So there you have it – much can be said on both sides. But I should perhaps add that I’m not a great fan of the Skeptics. They seem such a dour lot, the sort of people who would insist on telling small children there’s no Santa Claus. I don’t doubt there’s merit in debunking myths and exposing shysters, but professional scepticism seems to me an arid pursuit – always denying, never affirming. Which may be why you rarely see a Skeptic smiling on television. History’s most famous sceptic was of course Doubting Thomas who refused to believe in the resurrection of Christ until he had touched Jesus’ wounds. When, according to the Gospel of John, Jesus later appeared before Thomas and invited him to touch his wounds, the doubter was finally convinced. And Jesus had a message for the sceptics/Skeptics: ‘Blessed are they that have not seen, and yet have believed.’

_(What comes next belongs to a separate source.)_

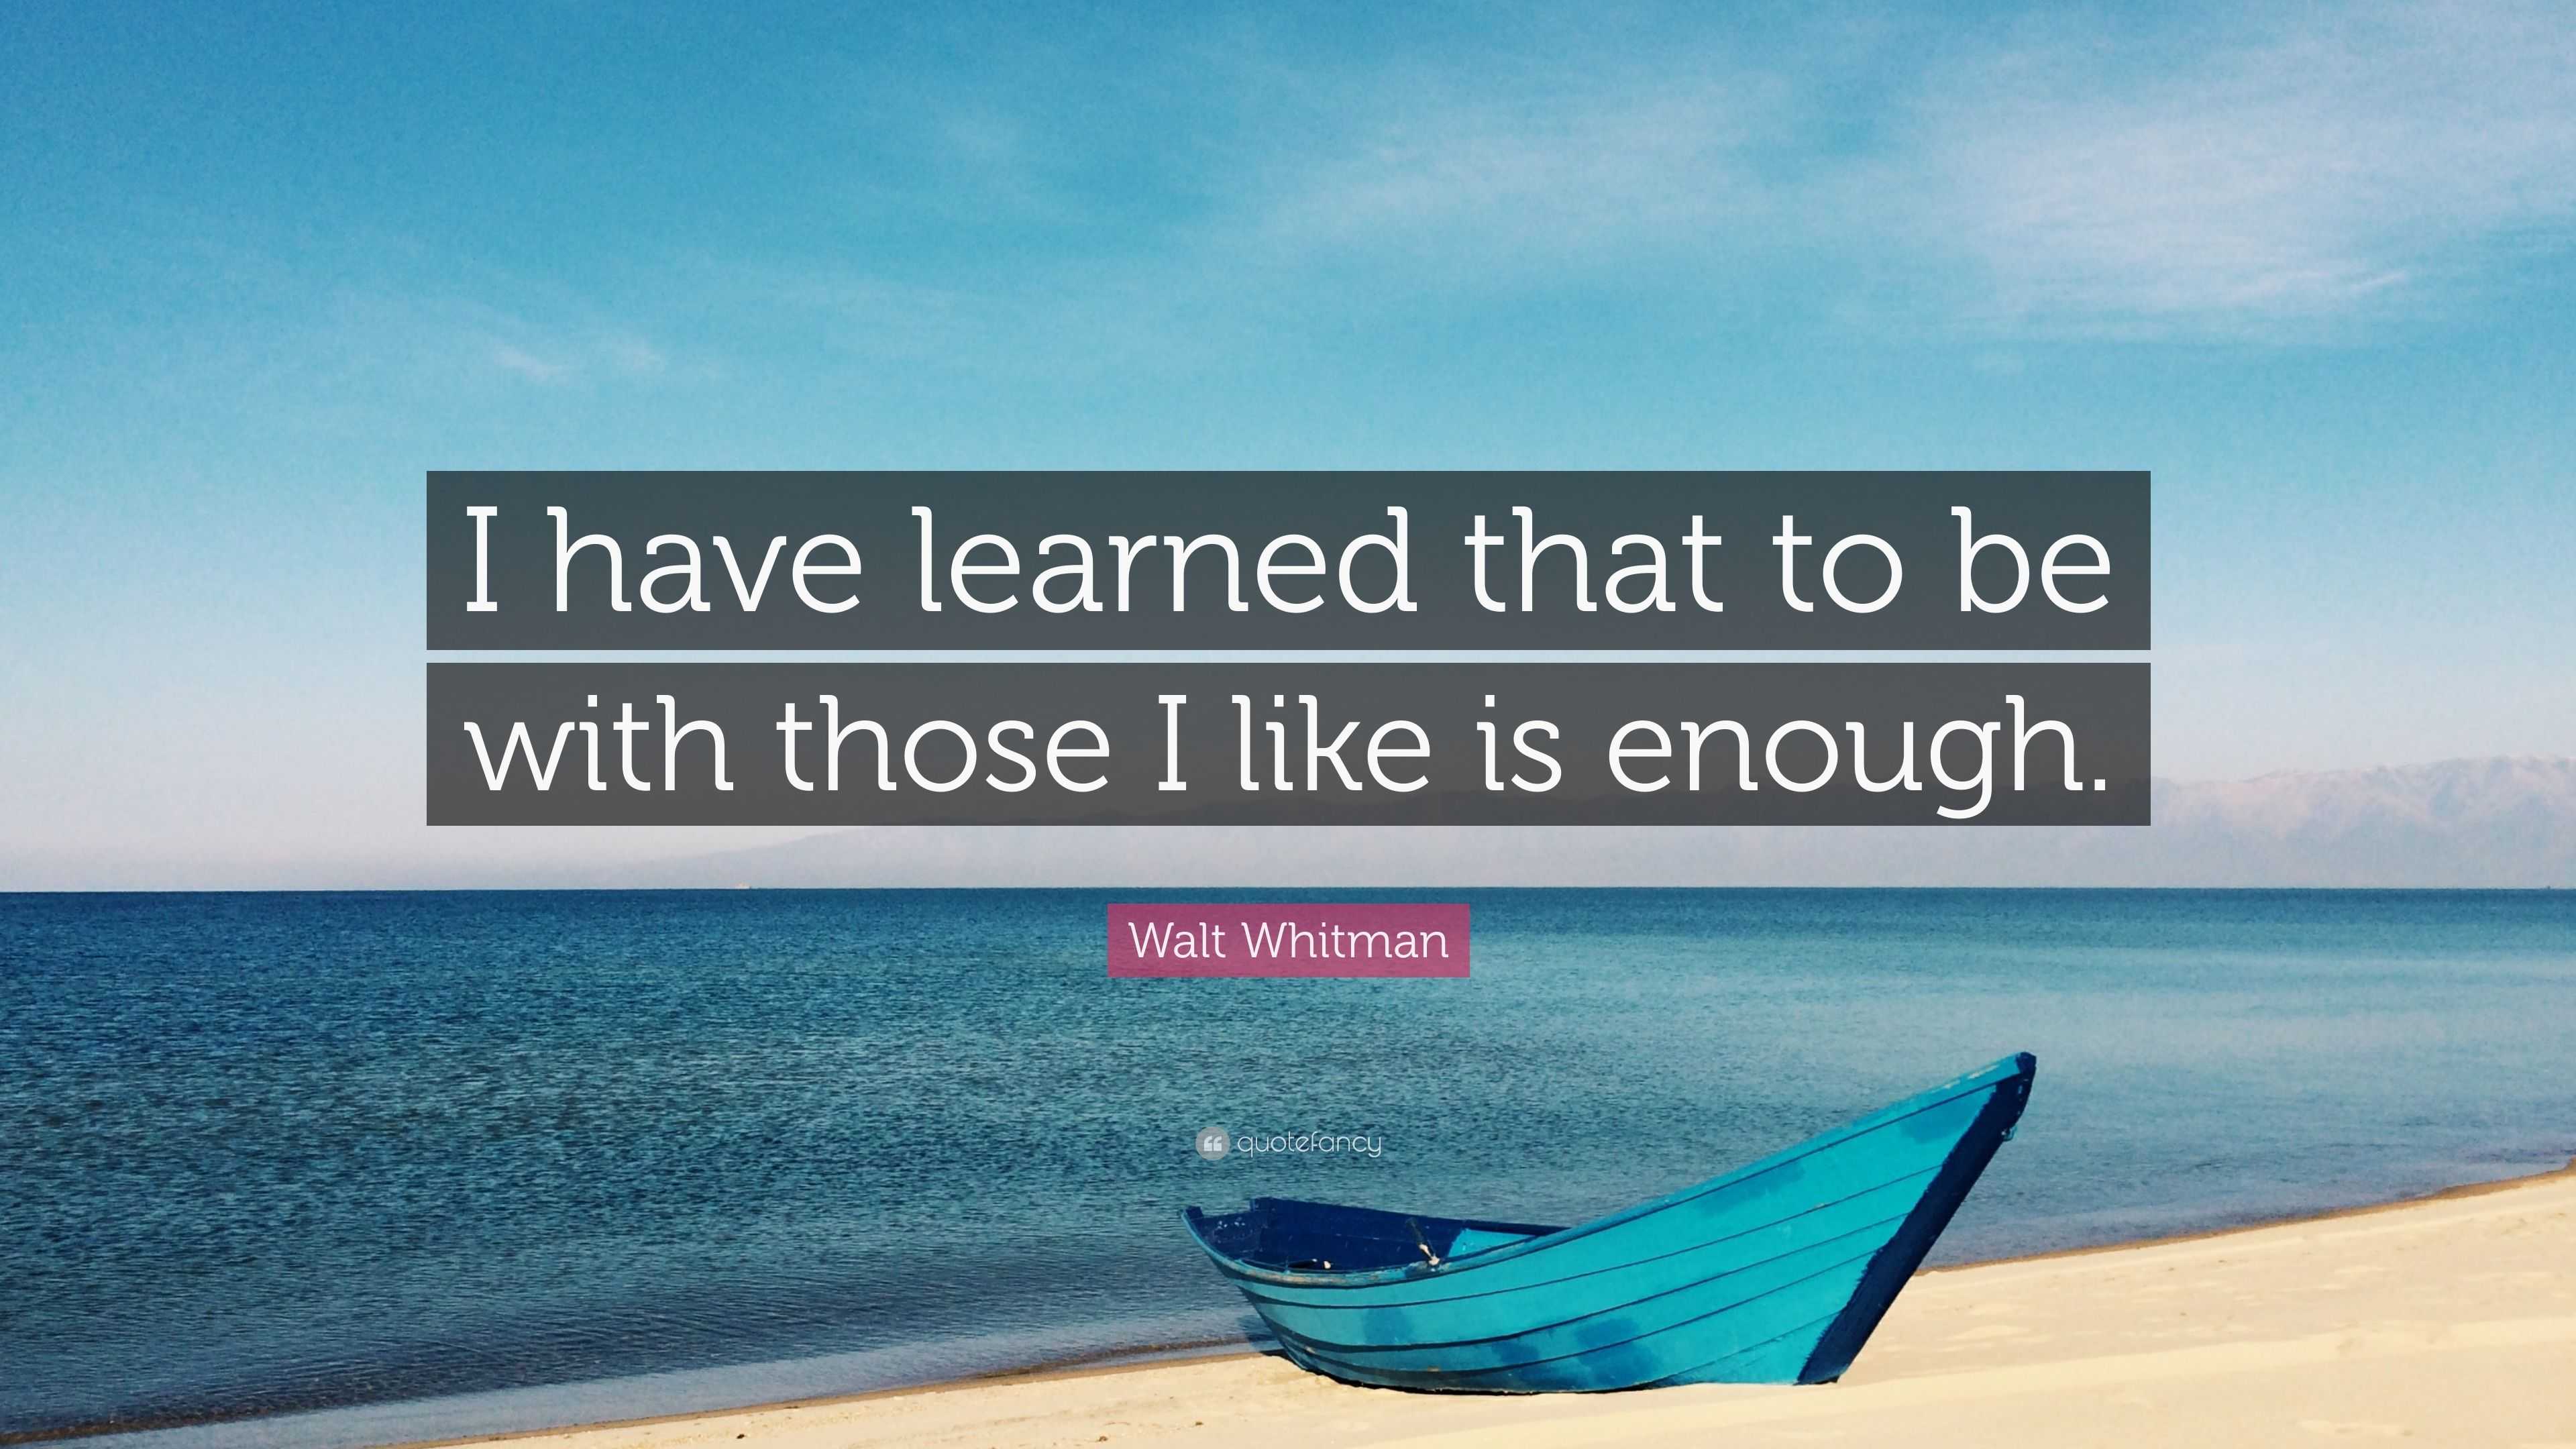 Walt Whitman Quote: “I have learned that to be with those I like is ...

I’m a non-believer myself of course, but I don’t want to make it my profession or even my principal interest in life. For many years I’ve been an Honorary Associate of the New Zealand Rationalists and Humanists Association. They really should strike me off their list. I’ve only ever been to one meeting and that was when I was the guest speaker. I’d been invited along because of my reasonably well-known atheism, but rather offended my hosts by telling them I couldn’t understand why anyone would want to be in an organisation whose raison d’être was something that none of them believed in. They later voted unanimously in favour of a motion ‘that Santa Claus did exist’, which at least showed they had a sense of humour.
The original sceptics were followers of the Greek philosopher Pyrrho and believed that it was impossible to know anything with absolute certainly, including the existence of matter. I’m more or less with those sceptics, which is why I lose patience with my fellow atheists who insist that they ‘know’ there is no god. They don’t. The Solipsists were an interesting lot. They believed that only the self existed and that external reality was a creation of the mind. They nonetheless formed a movement whose meetings must have been quite strange since everyone present believed they were the only person there and all the others were figments of their imagination. Still, it gave them someone to talk to. Most solipsists these days become members of parliament. A commonsensical view of all of this was taken by Dr Samuel Johnson, as Boswell reports:
After we came out of the church, we stood talking for some time together of Bishop Berkeley’s ingenious sophistry to prove the nonexistence of matter, and that every thing in the universe is merely ideal. I observed, that though we are satisfied his doctrine is not true, it is impossible to refute it. I never shall forget the alacrity with which Johnson answered, striking his foot with mighty force against a large stone, till he rebounded from it — “I refute it thus.” Johnson’s reply was actually as illogical as Descartes’ famous ‘cogito ergo sum’ – ‘I think therefore I am’. But it is a good example of the dangers of relying on ‘common sense’ which presupposes some sort of absolute truth. As the Ring debate (cycle?) seems to suggest, the one thing you can be absolutely sure of with most contentious issues is that much can, and will be said on both sides.